If you've been introduced to Linux by a hardcore fan, or just been adventuring yourself for a while now, chances are you've ran into a piece of software called UNetbootIn. It stands for "Universal Netboot Installer," but what it really does is create bootable USB drives from Linux CD images (.iso). It's a great program. Geza Kovacs (the developer) had a great idea in making it, and I personally still use it quite a lot. However, as with any program you can write, it has its own limitations. And today I will show you how to work around them, using a UNIX program called "dd."

To start off, these are the situations in which Unetbootin won't work (at least not straight away), so you'd have to find an alternative;

  1. Dealing with an .img file instead of an ISO.
  2. Dealing with an image that is not Linux (BSD, Windows Boot disk etc)
  3. Dealing with an unlisted distribution image, or one that reportedly has failed to produce a bootable USB, and the devs are not caring to fix it.
Number 3 has by far the highest occurrence rate. It's not uncommon to find a forum thread or bug file about Unetbootin being unable to produce a LiveCD of  distro X or Y. Most of the time the fix is to get the latest version of the program, but knowing which PPA to add in Ubuntu or compiling from source may be burdensome, or may not even fix it at all. So the other solution is to use "dd."

"dd" is a UNIX program specialized in the copying of raw data. What this means is that it won't do the old "copy and paste," but rather things like extract data from a packaged format and sort it out into a medium, or the other way around. And this is exactly what we need to do to "burn" an image. Before we begin, though, I'd like to put out a little disclaimer:

(even though I don't think you will)

Since dd is ubiquitous to Unix-like systems, the first thing you need is an expendable USB drive/SD card of size large enough to fit the distro you want. Mount it and format it (since you will lose all the data anyway, doing a manual format double checks that you're not throwing away anything important). With that done, it's time for a little command-line action. With the paths to your ISO and USB device in mind, enter the following:

sudo dd if=/path/to/your/ISO of=/your/usb/device bs=8M

External devices will almost always be labeled /dev/sdb.
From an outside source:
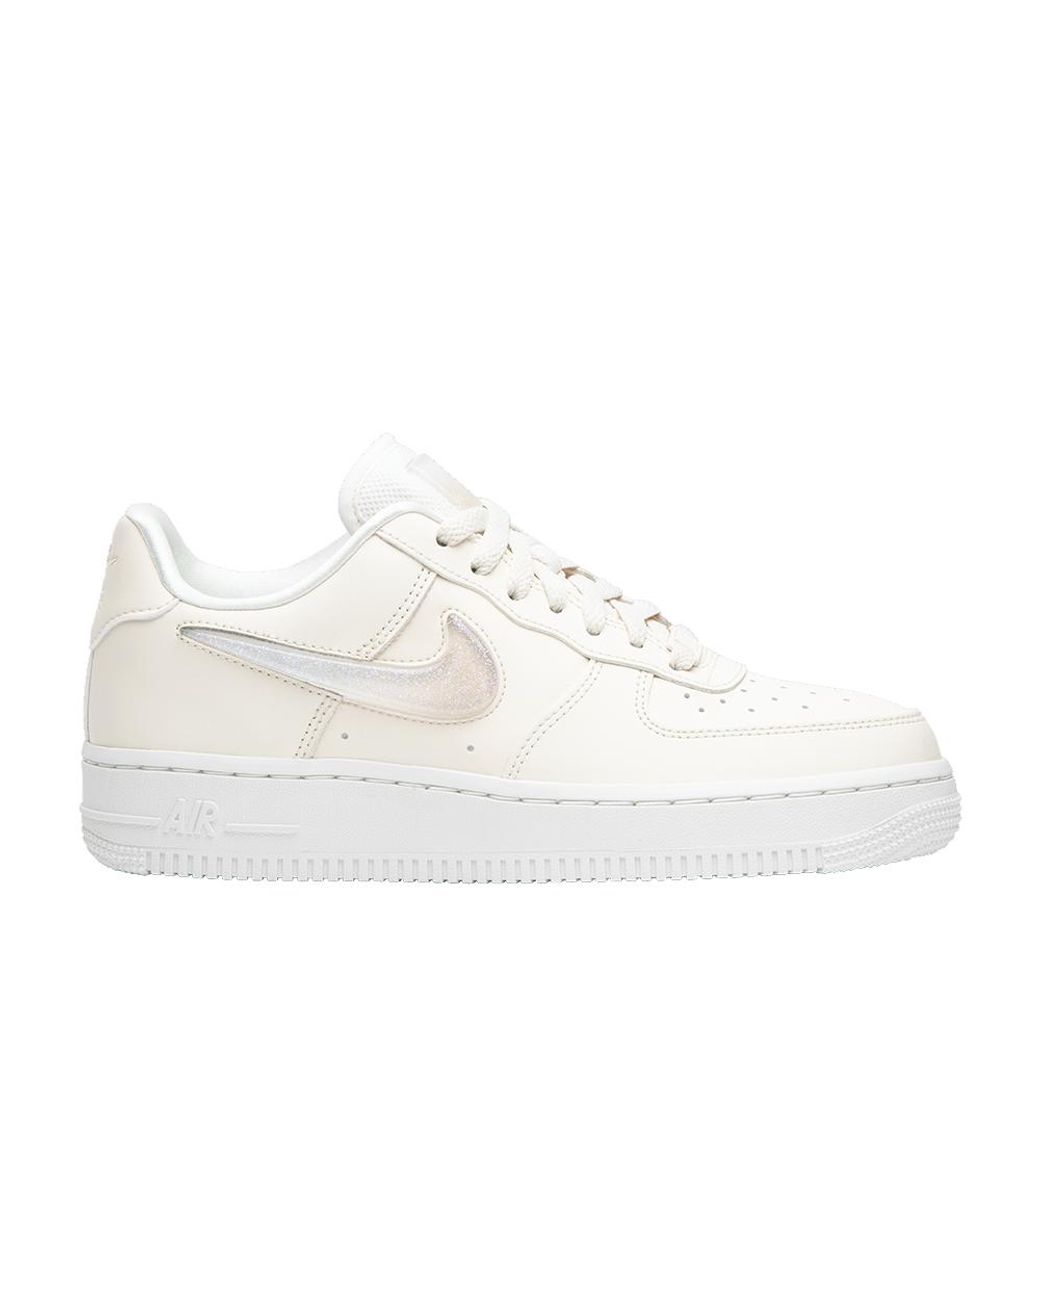 Nike Wmns Air Force 1 Low in Cream (White) - Lyst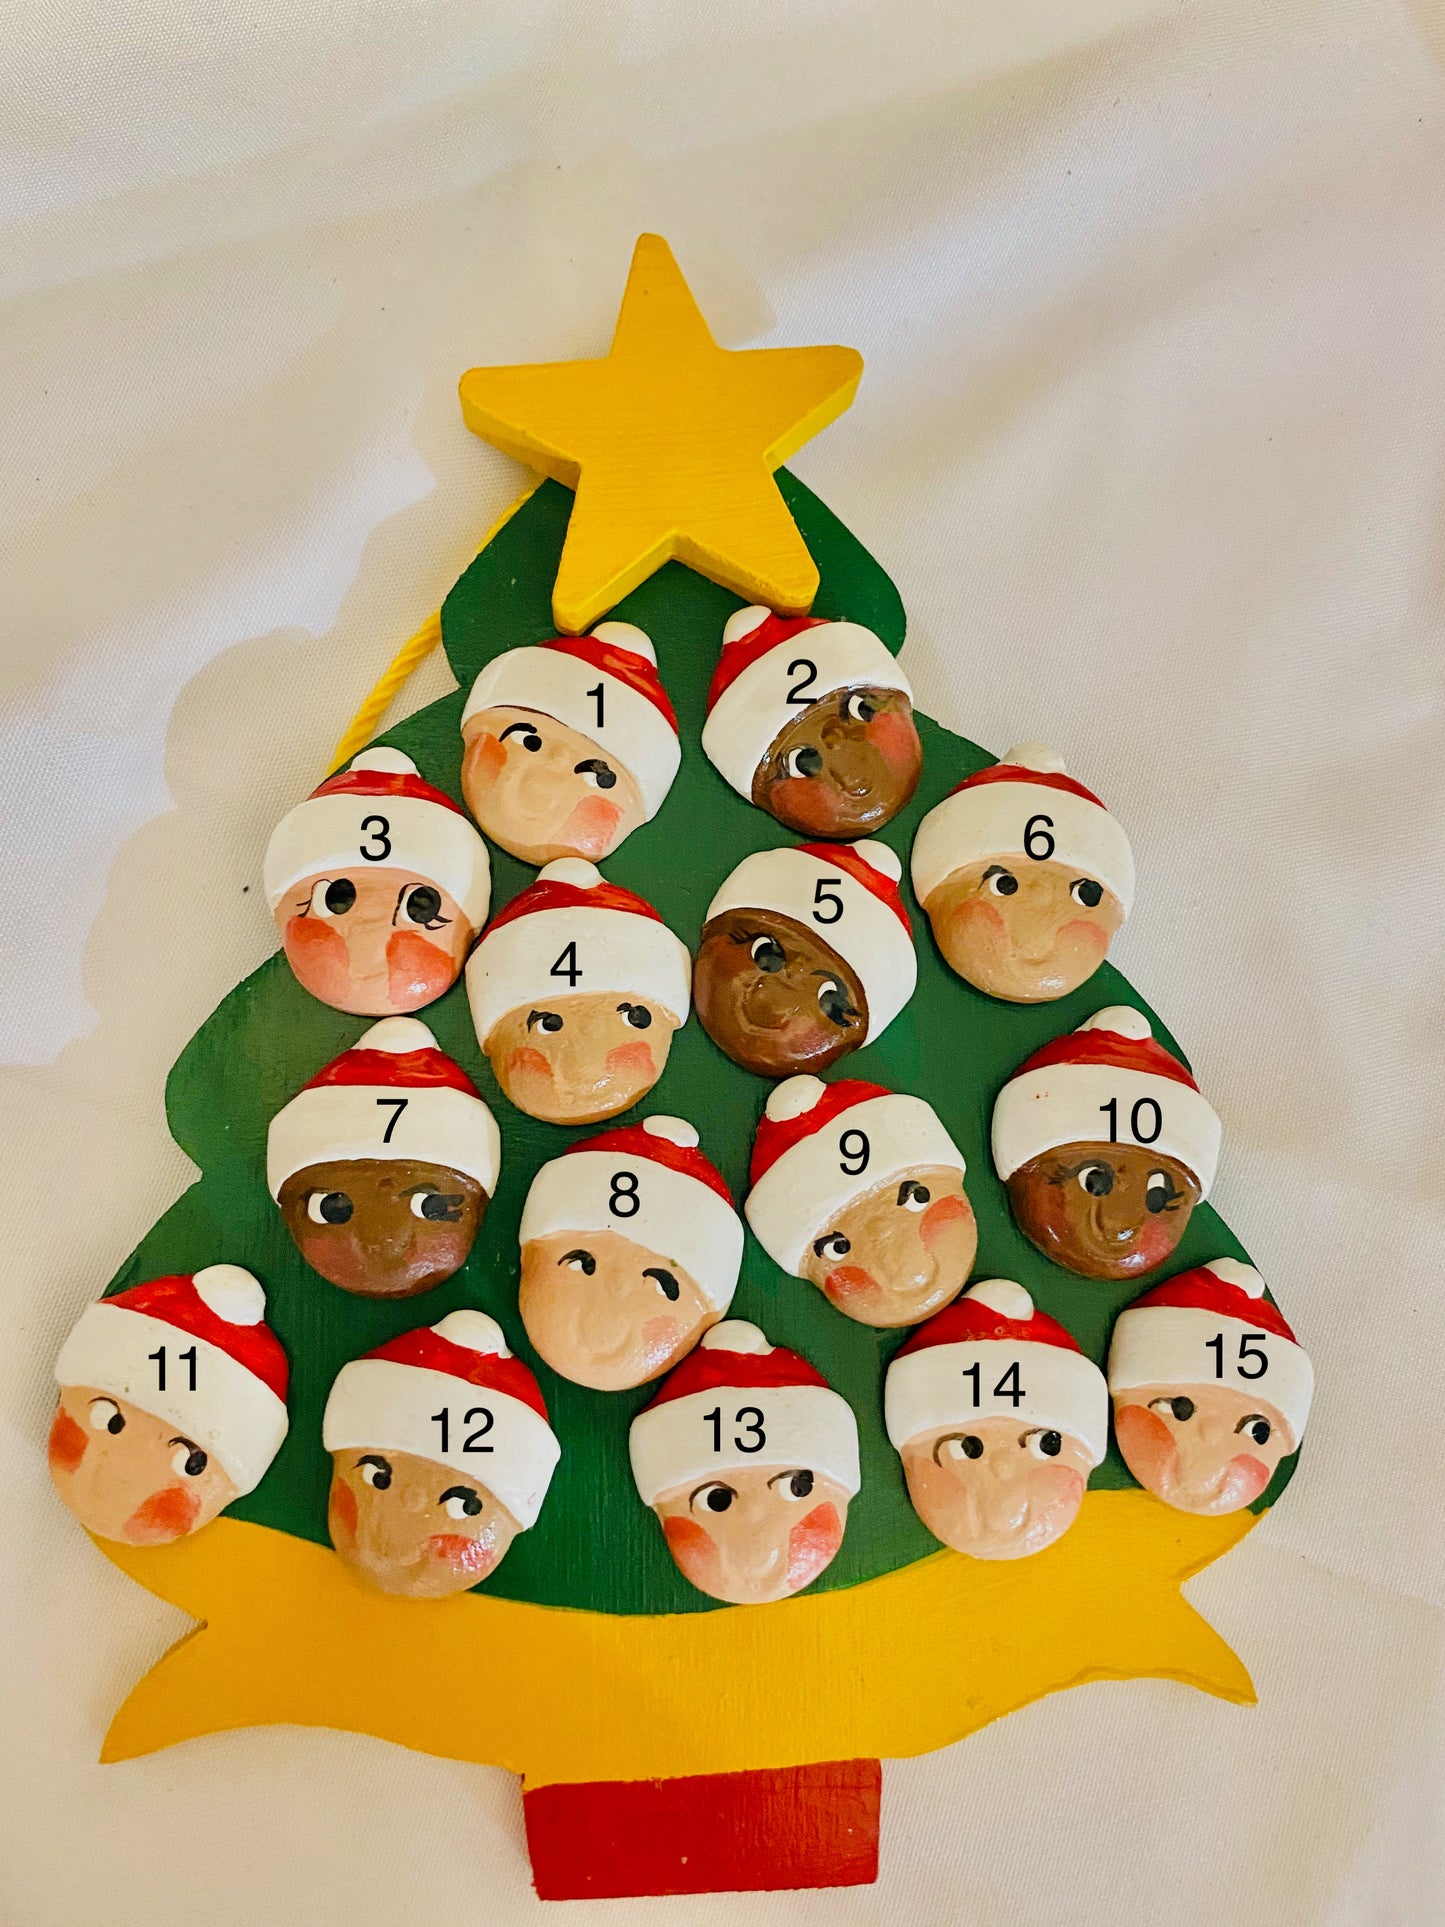 Personalized Ornament 15 Santa Faces on a Christmas Tree  6" x 4.5"

Not sure about the path to your device? Don't worry. Given that the USB is mounted, type in:

ls -l /dev/disk/by-id/usb*

And read out the output. Most likely you will have something like this...

See the sdb and sdb1 highlighted? The label sdb indicates the USB, while sdb1 is a partition within it. For dd, you want to use /dev/sdb AND NOT /dev/sdb1 for the path. So, for my case, the command is:

sudo dd if=/home/vman/whatevertheisois.iso of=/dev/sdb bs=8M

By the way, if you're wondering what is the "bs," it stands for "Byte Size." The size of the "sectors" that will be burned into your USB. 8M coincides with the sector size of optical media, so we use it to pretend the USB is a CD. This command also requires Root privileges because it tampers with external devices, and there is a possibility of destroying your own hard drive if you type the wrong path to the USB (hence the disclaimer). But the listing above will bring in a surefire way of identifying it.

Once you've entered the command, you won't notice anything happening in the terminal. This is a disadvantage of using it instead of unetbootin. The cursor will just sit there blinking, and until the copying is finished, you won't know how far are you. Once the command is done, your USB is as bootable as a CD. Enjoy carrying a portable OS in your pocket!

Jan 31st by K. Zimmermann


  1. Using the pv command will allow you to have a status bar.
    Man pv.

  2. pv -tpreb /home/vman/whatevertheisois.iso | sudo dd of=/dev/sdX bs=8M

  3. hi...Im student from Informatics engineering nice article,
    thanks for sharing :)

  4. You may use 'Ctrl-T' during 'dd' execution. It will output current status.

  5. Using pv command in this specific case is total mess!

  6. unetbootin has the ability to place 'persistent space' on a LiveUSB. That is, a LiveUSB with persistance will give the LiveOS the ability to store some files which will be there again if you restart. How do I do this without using unetbootin?

  7. You could do this as part of gparted afterwards, however you would need to get the live CD to mount the /dev/sdb2/ as ~/home/ (For pocket Operating Systems).